We knew going into the campaign that many people who call themselves “pro-choice” nonetheless support parental notification as a reasonable measure promoting parental responsibility and enabling parents to advise and protect their daughters. What became clear during the course of the campaign was where the major fault line lies in the “pro-choice” side. It lies between those who are, at a minimum, troubled by the idea of young girls engaging in sexual activity, and those who don’t have a problem with it at all. Planned Parenthood placed itself firmly in the latter camp. Two examples stick in my mind:
At one debate I participated in, a student asked the PP representative whether parental notification might not prevent the problems she had seen among some of her friends who had two, three, or more abortions by the time they were eighteen. The PP representative declared in resounding tones: “The solution to repeat abortions is sex education and contraception!” Nothing about abstinence. No concern for the spiritual or emotional well-being of young girls in sexual relationships—just sex education and contraception.
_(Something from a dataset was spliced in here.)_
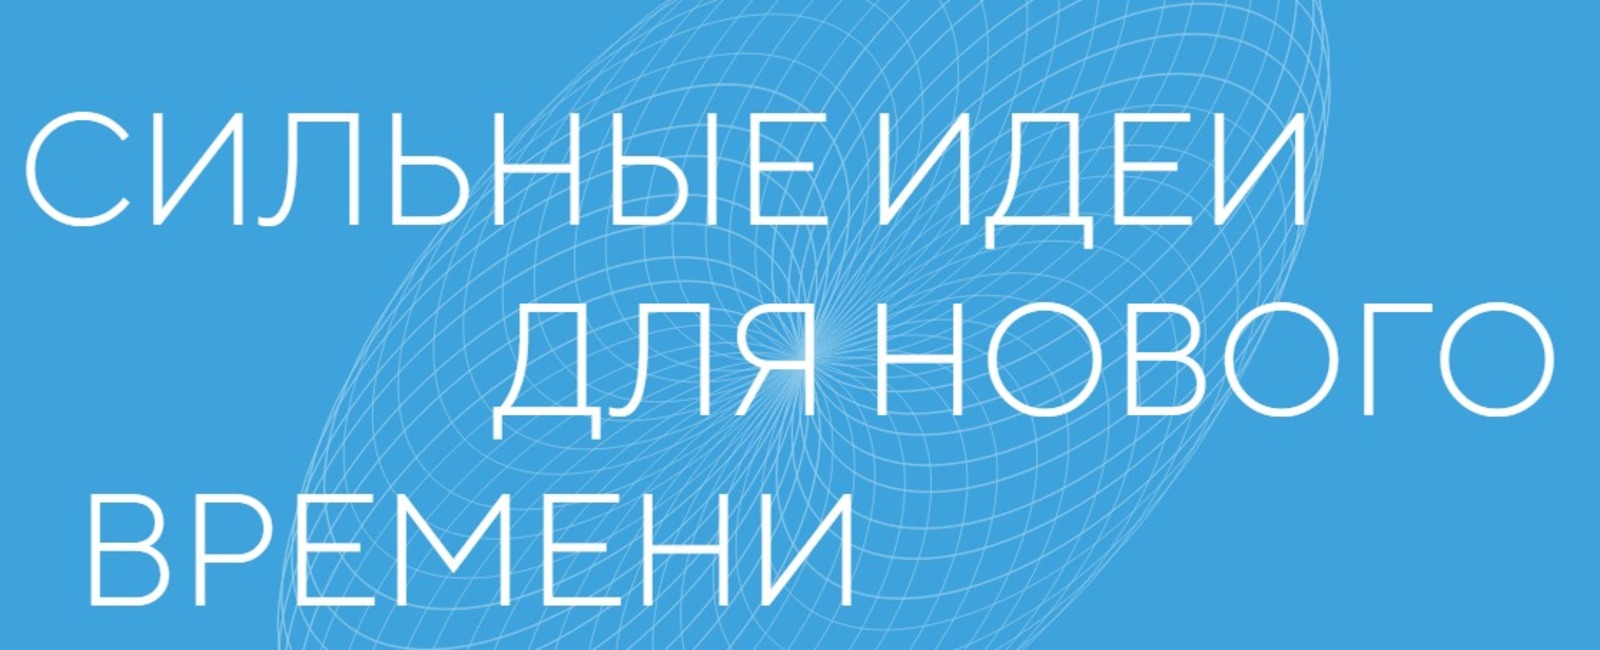 сайт форума: https://ideas-forum.ru/ Жителям Башкирии рассказали о конкурсе «Сильные идеи для нового времени»

Another time I was on a radio program debating Kathy Kneer, CEO of Planned Parenthood Affiliates of California. Accompanying Kneer was a mother-with-teen-age-daughter, whose role was to repeat PP’s mantra, “If she can’t come to me, I just want her to be safe.” She recited her lines well, and then the host asked about their involvement with PP. The fifteen-year-old daughter said that she was a volunteer “teen sex educator” at Planned Parenthood, where she counseled her peers about sexual issues. When I heard that, I decided I wouldn’t even try to say another word. The absurdity was too rich to comment on. Parents everywhere would undoubtedly sleep more soundly knowing that, though their young daughter could have an abortion without their knowing, she was receiving the wise counsel of an experienced fifteen-year-old peer.
To sum up, as the proponent of one of the other losing initiatives said after the election: “There is no more economical way to ensure a public debate about an issue in California than to place it on the ballot.” For the first time in decades, we had a public debate in California about abortion. Abortion and abortion providers were in the spotlight, and they didn’t like it.
I can’t deny feeling depressed as I watched Prop 73 go down to defeat, but it was not the same feeling one gets when a bad supreme court decision comes down. (Believe me, I know that feeling well.) Then one feels truly helpless; there is nowhere else to turn, nothing more one can do or say. Here, faced with only an electoral defeat, we can and will try again. Proposition 73 was the beginning, not the end of the campaign for parental notification in California.